Information and Computation
- Discipline: Computer Science
- Language: English
- Edited by: Albert R. Meyer

Publication details
- Former names: Information and Control
- History: 1957–present
- Publisher: Elsevier (USA)
- Frequency: monthly
- Open access: no
- Impact factor: 1.24 (2021)

Standard abbreviations
- ISO 4: Inf. Comput.
- MathSciNet: Inform. and Comput.

Indexing
- ISSN: 0890-5401

Links
- Journal homepage; online access;

= Information and Computation =

Information and Computation is a closed-access computer science journal published by Elsevier (formerly Academic Press). The journal was founded in 1957 under its former name Information and Control and given its current title in 1987. As of July 2022, the current editor-in-chief is David Peleg. The journal publishes 12 issues a year.

== History ==
Information and Computation was founded as Information and Control in 1957 at the initiative of Leon Brillouin and under the editorship of Leon Brillouin, Colin Cherry and Peter Elias. Murray Eden joined as editor in 1962 and became sole editor-in-chief in 1967. He was succeeded by Albert R. Meyer in 1981, under whose editorship the journal was rebranded Information and Computation in 1987 in response to the shifted focus of the journal towards theory of computation and away from control theory. In 2020, Albert Mayer was succeeded by David Peleg as editor-in-chief of the journal.

== Indexing ==
All articles from the Information and Computation journal can be viewed on indexing services like Scopus and Science Citation Index. They are also reviewed cover-to-cover by the AMS Mathematical Reviews and zbMATH and included in the computer science database DBLP. According to the Journal Citation Reports, Information and Computation has a 2021 impact factor of 1.24.

== Landmark publications ==

=== On certain formal properties of grammars ===

- Chomsky, N. (1959). "On certain formal properties of grammars"

Description: This article introduced what is now known as the Chomsky hierarchy, a containment hierarchy of classes of formal grammars that generate formal languages.

=== A formal theory of inductive inference ===

- Solomonoff, R.J. (1964). "A formal theory of inductive inference. Part II"

Description: This was the beginning of algorithmic information theory and Kolmogorov complexity. Note that though Kolmogorov complexity is named after Andrey Kolmogorov, he said that the seeds of that idea are due to Ray Solomonoff. Andrey Kolmogorov contributed a lot to this area but in later articles.

=== Fuzzy sets ===

- Zadeh, L.A. (1965). "Fuzzy sets"

Description: The seminal paper published in 1965 provides details on the mathematics of fuzzy set theory. As of July 2022, it is the most cited paper published in the journal.

=== On the translation of languages from left to right ===

- Knuth, D. E. (1965). "On the translation of languages from left to right"

Description: LR parser, which does bottom up parsing for deterministic context-free languages. Later derived parsers, such as the LALR parser, have been and continue to be standard practice, such as in Yacc and descendants.
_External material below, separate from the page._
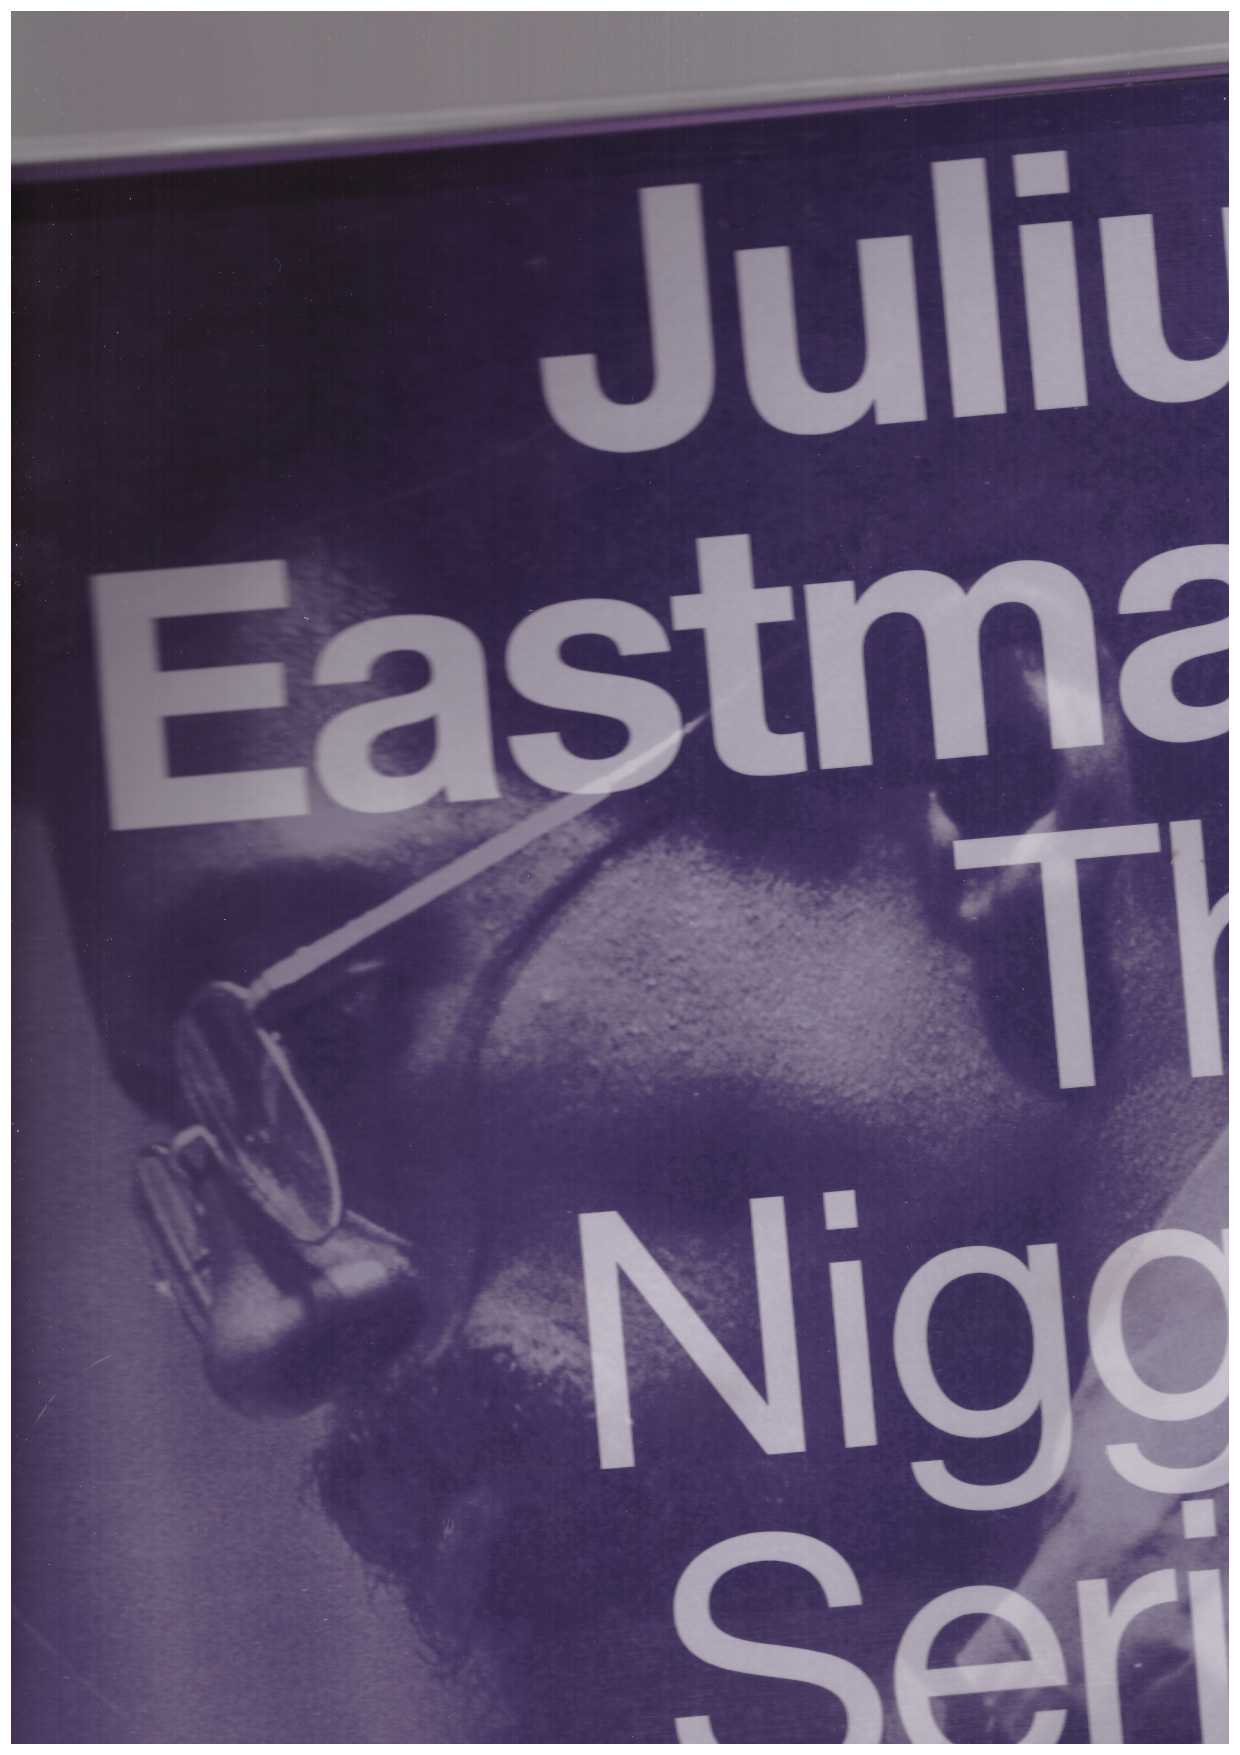 EASTMAN, Julius - The nigger series

=== Language identification in the limit ===

- Gold, E Mark (1967). "Language identification in the limit"

Description: This paper created algorithmic learning theory. As of July 2022, it is the second most cited paper published in the journal.

=== A Calculus of Mobile Processes, I ===

- Milner, Robin (1992). "A calculus of mobile processes, I"

Description: This paper first introduced the π-calculus. As of July 2022, it is the third most cited paper published in the journal and the most cited paper published since the journal assumed its current name.